06-20-2012 , 12:47 PM
Quote:
Originally Posted by AlphaScorpii
If that is true, looks like a big news... like things are moving forward in some direction I guess.
DF dismissed this a few pages back. Who do you trust more?
06-20-2012 , 12:55 PM
Quote:
Originally Posted by durrrr
i meant that: i've tried to answer every generalized question i could, and some things that i just thought relevant, and for me to delve into specific instances of how individual people acted in situations or anything like that i don't think would be helpful overall. I've been trying for a year + now to do the right mix of sharing what info i think i can while also not hurting the chance of any deal being done (and actively trying to get one done but unfortunately a lot of people were too stubborn to listen to me in may/june 2011). Sorry if my tweet was misleading to anyone, i realize its a really crappy situation and don't wanna make that worse by poor wording, sorry.
Durrr, I think you are a honest guy.

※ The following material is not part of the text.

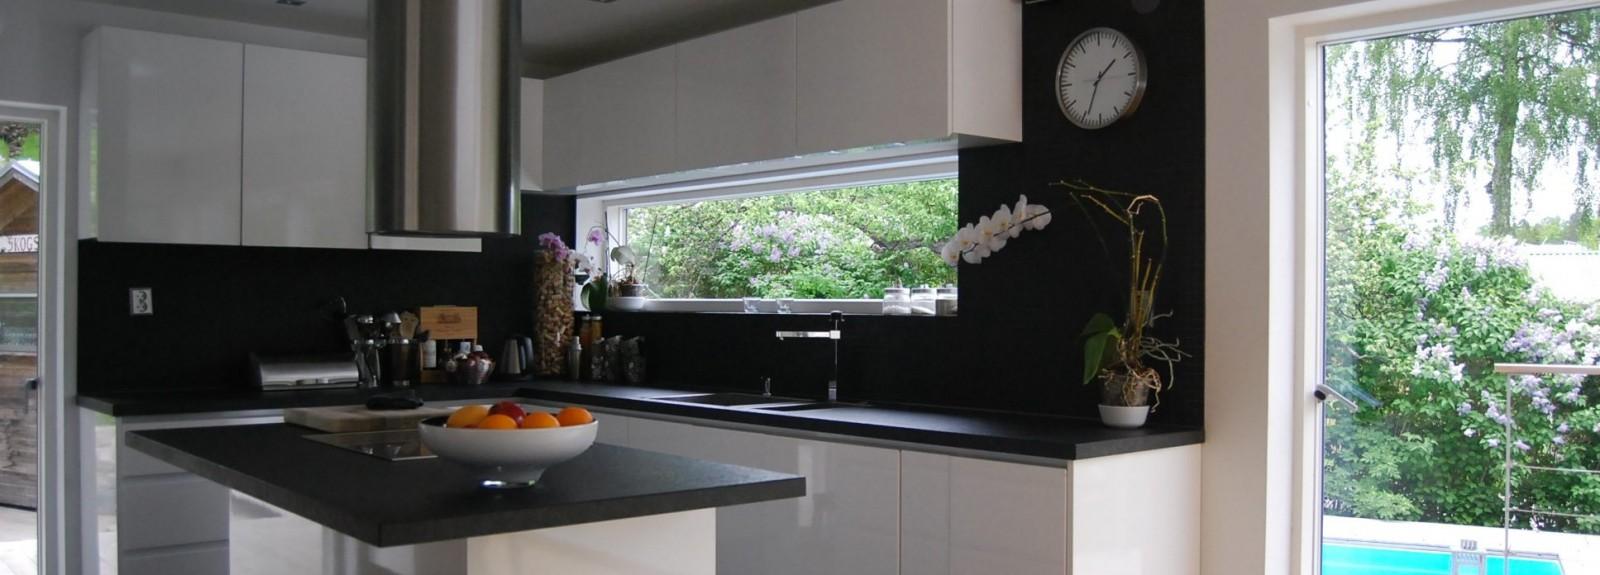 guide und tipps zum renovieren ihre k che franz sisch riviera. Black Bedroom Furniture Sets. Home Design Ideas

The vast majority don't blame you for anything. You were paid for your services. You had some epic battles on FTP, you were worth your money. But that greedy buddy of yours, Phil Ivey (may he rot in hell), that is a whole different story. That guy already had many, many, many millions without FTP. Won many, many millions on FTP.
Untill now there is now problem. But 40 million in dividends payed out of our deposits. Millions in loans, payed out of our deposits ( I mean, wtf, loaning money if you already have 100 million). And he is just sitting on that money while we are starving. Maybe legally he is not a thief, but morally he is.

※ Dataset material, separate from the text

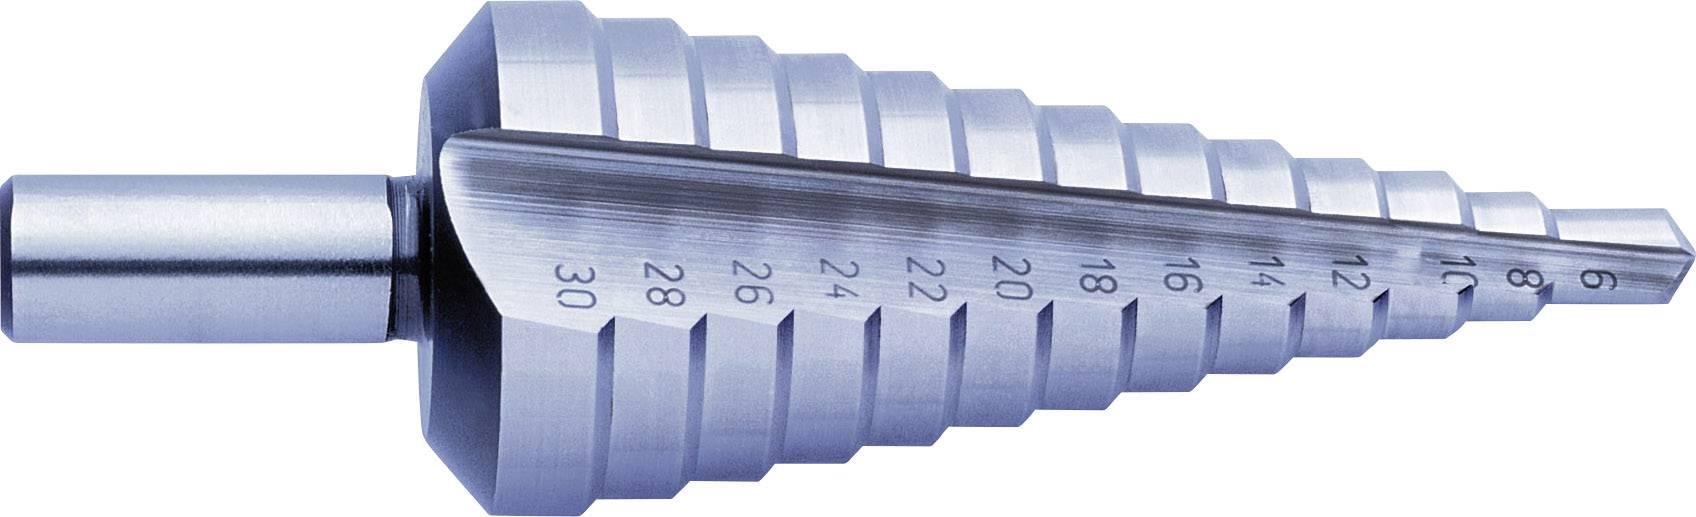 HSS stupňovitý vrták Exact 1605321 SB-VERPACKUNG, 4 - 12 mm, kužeľový záhlbník, 1 ks

I am broke. If I buy something at a store and the girl gives $50 in change too much. Knowing she has to pay shortages out of her own pocket, I give it back. No matter how much I can use that $50 right now. But that greedy sob Ivey, who probably has $100 million, which makes it much easier to do the right thing, keeps that $40+ million, that is ours, leaving thousands and thousands broke. Like I said, he is a filthy thief.

(BTW, Is this really Durrr?, anyway doesn't matter, as long as this story keeps getting told.)
06-20-2012 , 12:57 PM
4/15/11 - Can't log into FTP. Where's my MFin money?

6/20/12 - Can't log into FTP. Where's my MFin money?
06-20-2012 , 01:14 PM
the article on pokerolymp.com has been removed.